Re: regular expression (search and destroy)

This can get to be rather complicated to parse. The problems I've seen with this type of data can throw a wrench into your parsing methods. I haven't found a good module that covers all the subtlties with quoted delimited data. Just as an example if your data looks like you describe:

121212, "Simpson, Bart", Springfield

this is a trivial matter to parse, but what if your data looks like:

121212,"2" tape, white", springfield

If the case is that you'd never encounter quotes embed within your fields then it is less of a problem.
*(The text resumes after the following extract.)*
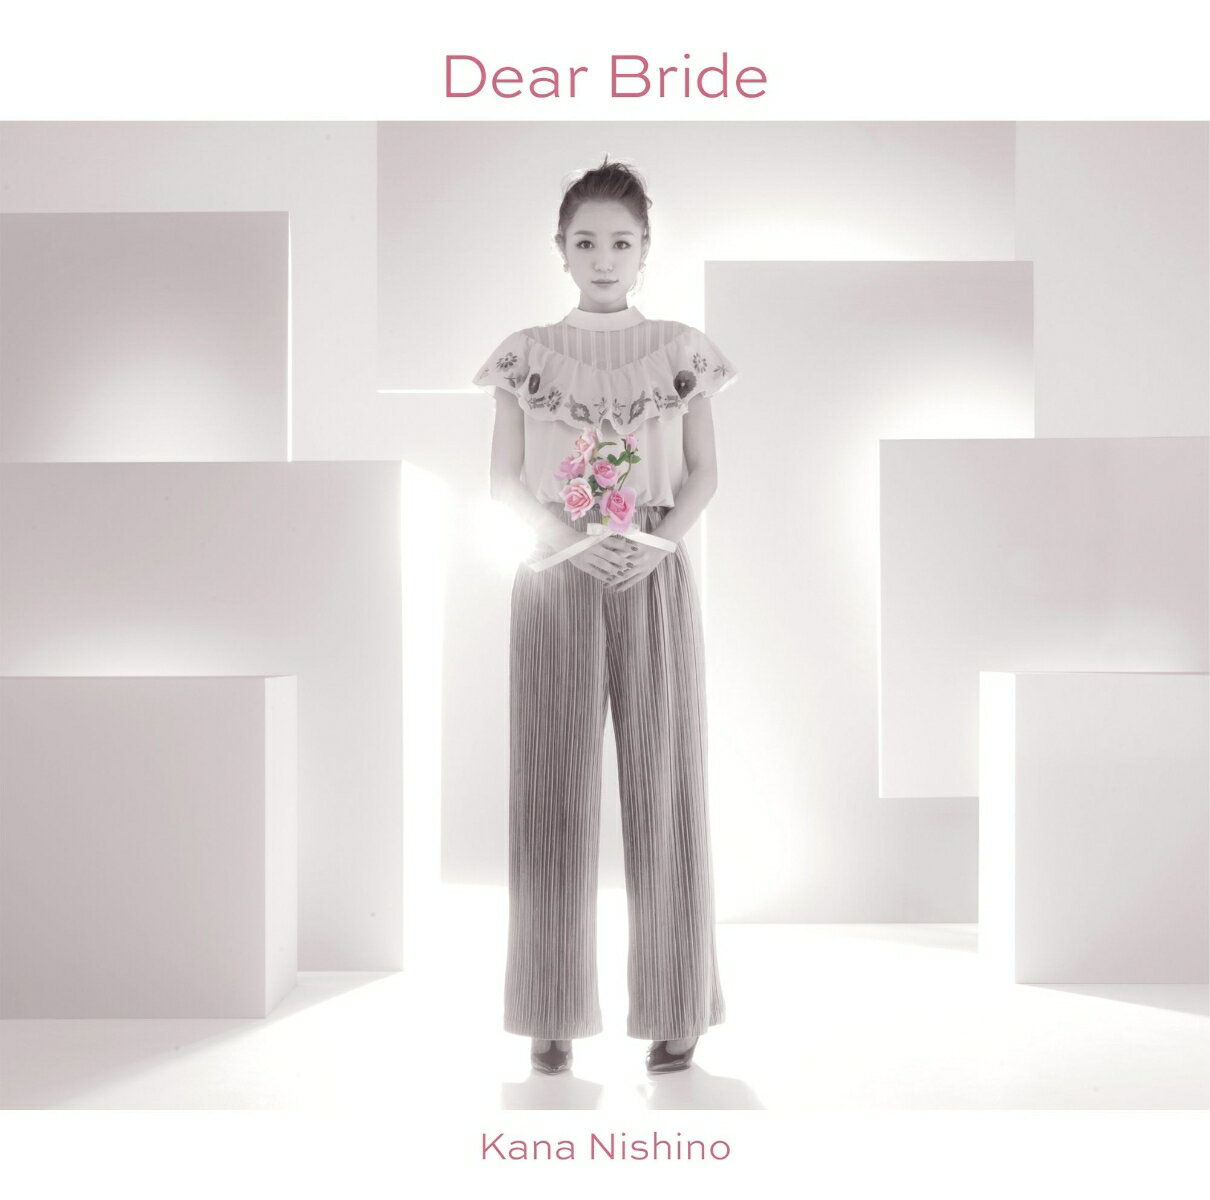 Dear Bride [ 西野カナ ]

If you are dead set against using some of the fine CPAN modules or even as previously suggested Text::Balance (core module) you could do something like this:

Untested psudeo-code

RECORD:
while (<DATA>){
    # read data 1 byte at a time
    for (my $i=0;$i < length($_);$i++) {
        $byte = substr($_, $i, 1);
        if ($byte eq "\""){
            $i++;
            $next_byte = substr($_, 1, $i)
            if ($next_byte ne ",") {
                $quoting = 1;
            } else { 
                $quoting = 0;
            }
            if ($quoting) {
                print $byte$next_byte;
                next;
            } else {
                print $nextbyte
                next;
            }
        }
    }elsif ($byte =~ /\n/) {
        $quoting = 0;
        next RECORD;
    } else {
        print $byte;
    }
    $quoting = 0;
}
[download]

The idea is to read a record then walk through the record 1 byte at a time trying to determine if a delimiter is inside a set of protecting quotes.
It gets more difficult if you have more complex data like the above examples and worse.

One other thing, the above method is not very rapid so if you have tons (100's of megs/gigs/terras) you may have to wait awhile.

In the end, your probably best off using a module.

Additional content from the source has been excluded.